The seminar Drugs, Policies and Violence: From the Global Consensus to New Approaches, organized by ICIP and Casa Amèrica Catalunya, gathered some twenty European and American experts and a hundred attendees to reflect on the various types of violence caused by drug trafficking and the war on drugs, and to analyze the risks and opportunities of market regulation.
The seminar addressed issues such as the historical perspective in drug control, new policies in the field that transcend prevailing prohibitionism, drug money and its circuit in the world economy, drug trafficking and the capture of the state, the violence caused by drug policies, and, lastly, drugs in cities. The final roundtable, in which ten of the invited speakers participated, reached the conclusion that drug policy reform is necessary in order to reduce the high level of violence currently generated by drug trafficking and its persecution, especially in countries in Latin America such as Colombia, Brazil and Mexico.
“We must move towards a legal framework that is totally different from prohibitionism because this model has failed,” says Araceli Manjón-Cabeza, a professor at Madrid’s Complutense University. Constanza Sánchez of the International Center for Ethnobotanical Education, Research & Service agrees that “reform is an opportunity for society; we need a strategic public policy aimed at reducing the damage caused by drugs.”
Analysis of the various types of violence
Many of the speakers, such as Ana Lilia Pérez and Lisa Sánchez from Mexico, Brazilian police commissioner Orlando Zaccone, and Colombian professors Rodrigo Uprimny and Luis Jorge Garay, underscored the many types of violence generated by drug trafficking and, especially, the high level of violence perpetrated by the state to repress the drug trade and criminal organizations. “For an illegal trade to set up in a country there must be violence and corruption,” says Uprimny. In Colombia, Professor Garay defines this corruption as “institutional co-option,” the infiltration of criminal organizations among state agents and public and private institutions. This is also the case in Mexico, where journalist Ana Lilia Pérez notes that the climate of corruption leads to the penetration of formal financial and business circuits, such as the oil industry, by drug cartels. “Dirty money has permeated the economy with the presence of corporate criminal groups,” says Pérez. For her part, Lisa Sánchez, director of Mexico United Against Delinquency, claims that in Mexico there is more violence perpetrated by the war against drug trafficking than by the criminal networks themselves. “The Mexican State has become fierce in its persecution of drug-related crime. Mexico has declared a war on drugs yet the ones they wage war against the least are the drug cartels.”

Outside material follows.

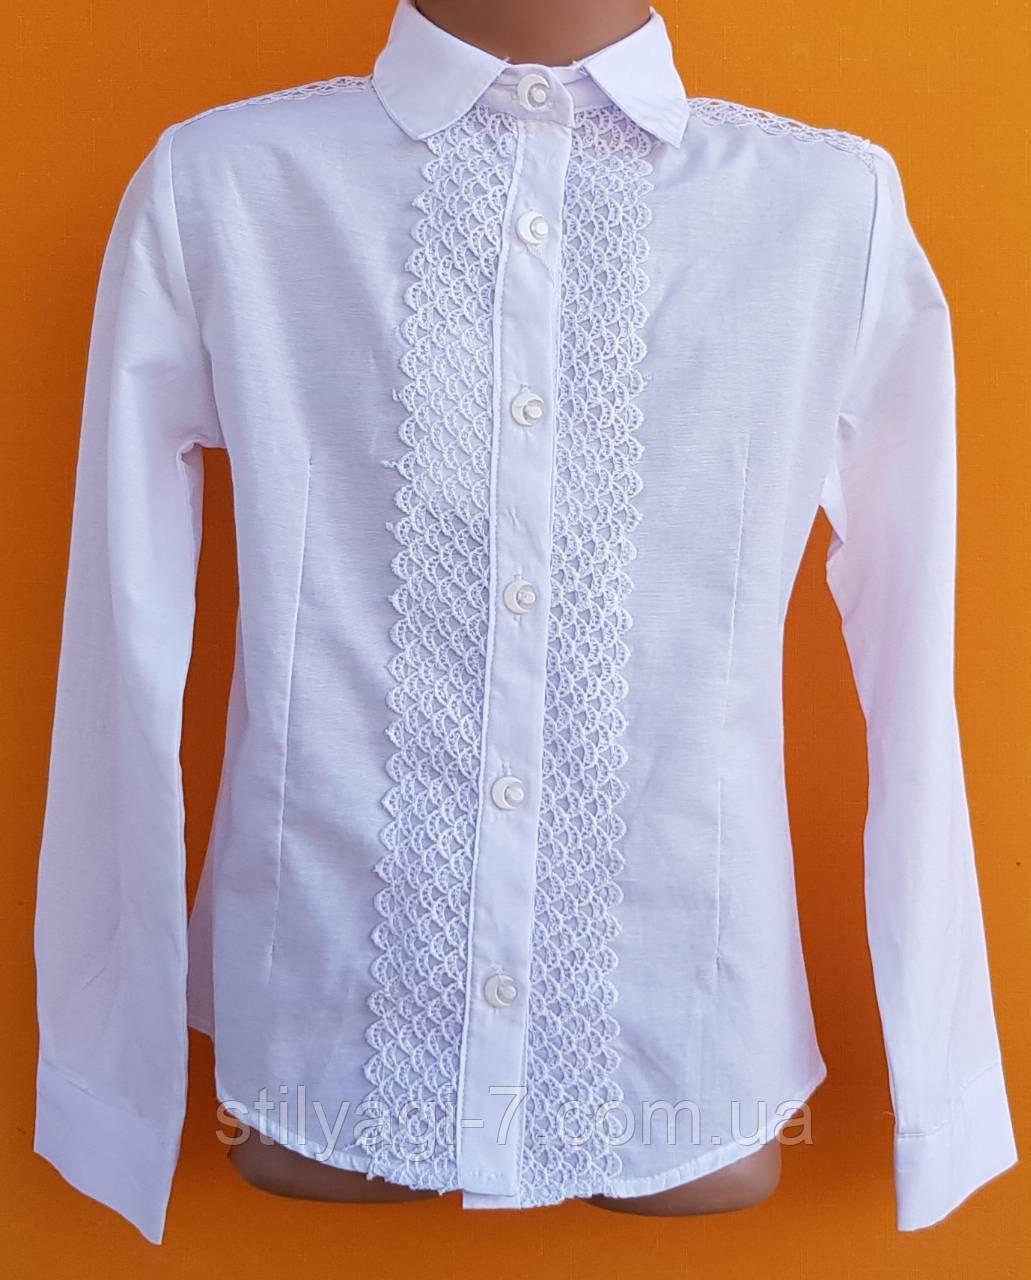 Блузка для девочки 10-13 лет белого цвета с планкой оптом

In fact, a shared view is that the war against drug trafficking affects the weakest actors in the network. “South America is the region of the world that has paid the highest costs in this useless fight against drugs, which has been tough on the weak and weak on the tough. The lowest echelons must be decriminalized and the highest echelons, criminalized,” says former Colombian President Ernesto Samper. “Who wins with the illegality of this business? The white-collar criminals always win,” notes Ana Lilia Pérez. In Mexico, since the beginning of the war on drugs ordered in 2006 by President Felipe Calderón, “drug trafficking organizations have gone up from 12 to 240. Sixty percent are engaged in contract killings,” said Lisa Sánchez. Meanwhile, in Brazil, where 90 percent of prisoners are in jail for trafficking in only one gram of drugs, “prisons, where four inmates die every day, are a killing machine,” denounced Brazilian commissioner Orlando Zaccone.
Overcoming prohibitionism
In this scenario of violence, most of the speakers declared to be in favor of new policies that would overcome current prohibitionism. “The regulation of drugs would imply a decrease in forceful violence in the short and medium term,” says Rodrigo Uprimny, who also warns against the risk entailed by limiting legalization to cannabis. “The worst system is what we have now, in which control is exercised by the drug traffickers,” says Araceli Manjón-Cabeza.

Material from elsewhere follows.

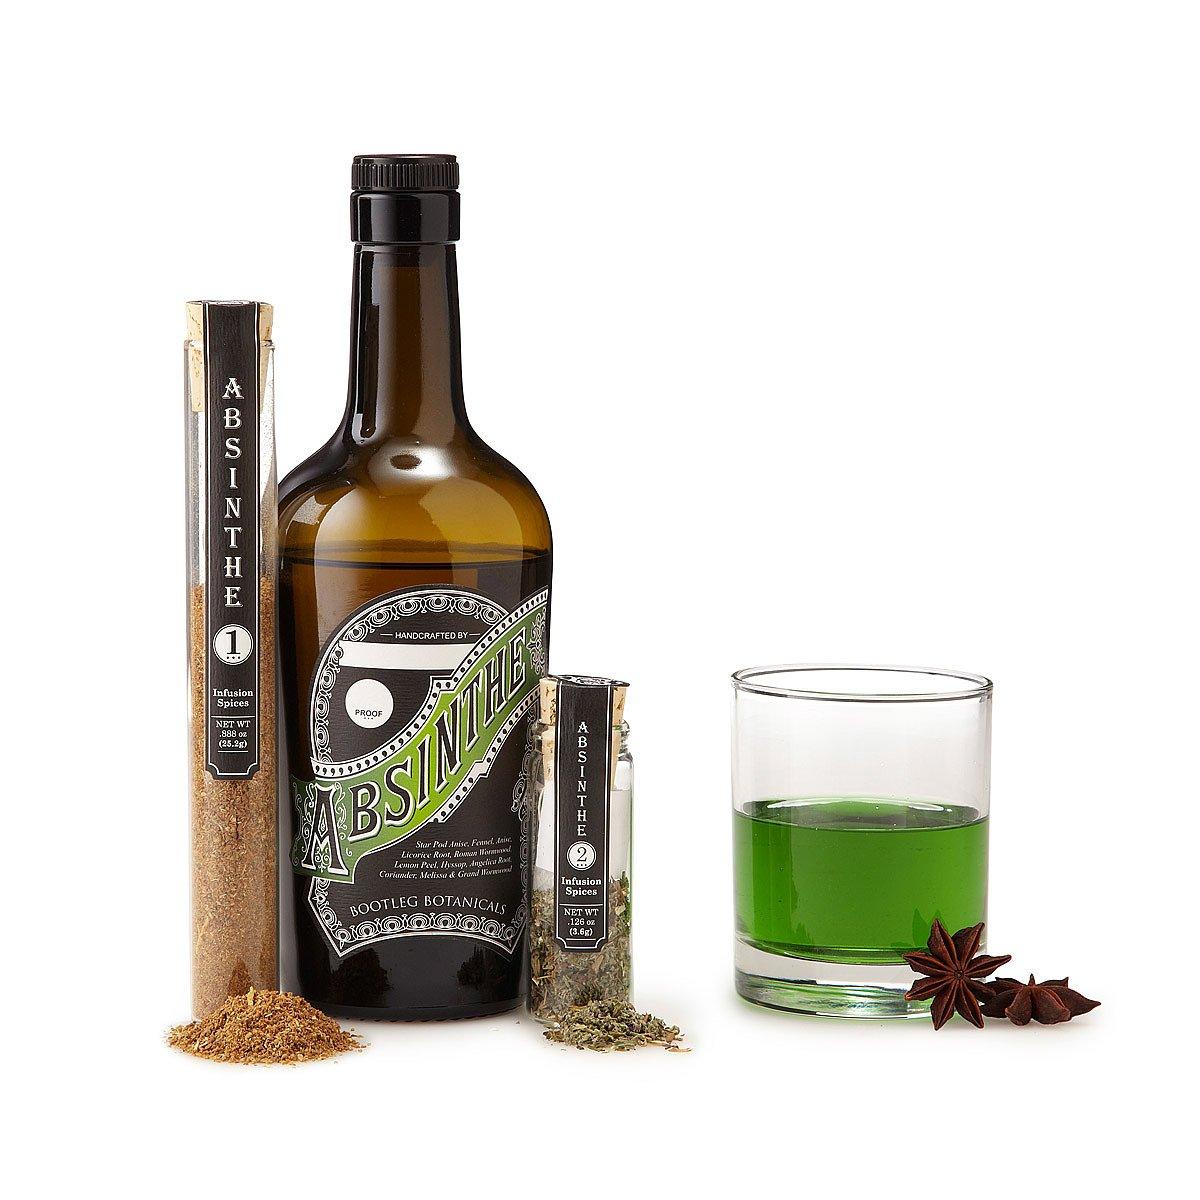 absinthe making kit

The results of cannabis regulatory experiences in countries such as Uruguay and Portugal were compared in the seminar. “The Cannabis Law has allowed us to more effectively pursue drug trafficking,” explains Augusto Vitale, former director of the Institute for Cannabis Control and Regulation in Uruguay. And he adds that the regulation of cannabis is based on general interest and public health concerns, and that consumption has not drastically increased.
For his part, the Assistant Director of Drug Addictions of the Generalitat, Joan Colom, defended an intermediate regulating model, a “coordinated regulation” that would allow more transparency, less stigmatization and less of a police and judicial burden.
At the other extreme, David Murray, co-director of the Substance Abuse Investigation Center of the Hudson Institute in the United States spoke in defense of the prohibitionist model. “The vagueness of decriminalization proposals is worrying. The commercial legalization of marijuana in the United States has led to astronomical effects of prevalence, which will create a catastrophic problem. Decriminalization will only make matters worse,” he said.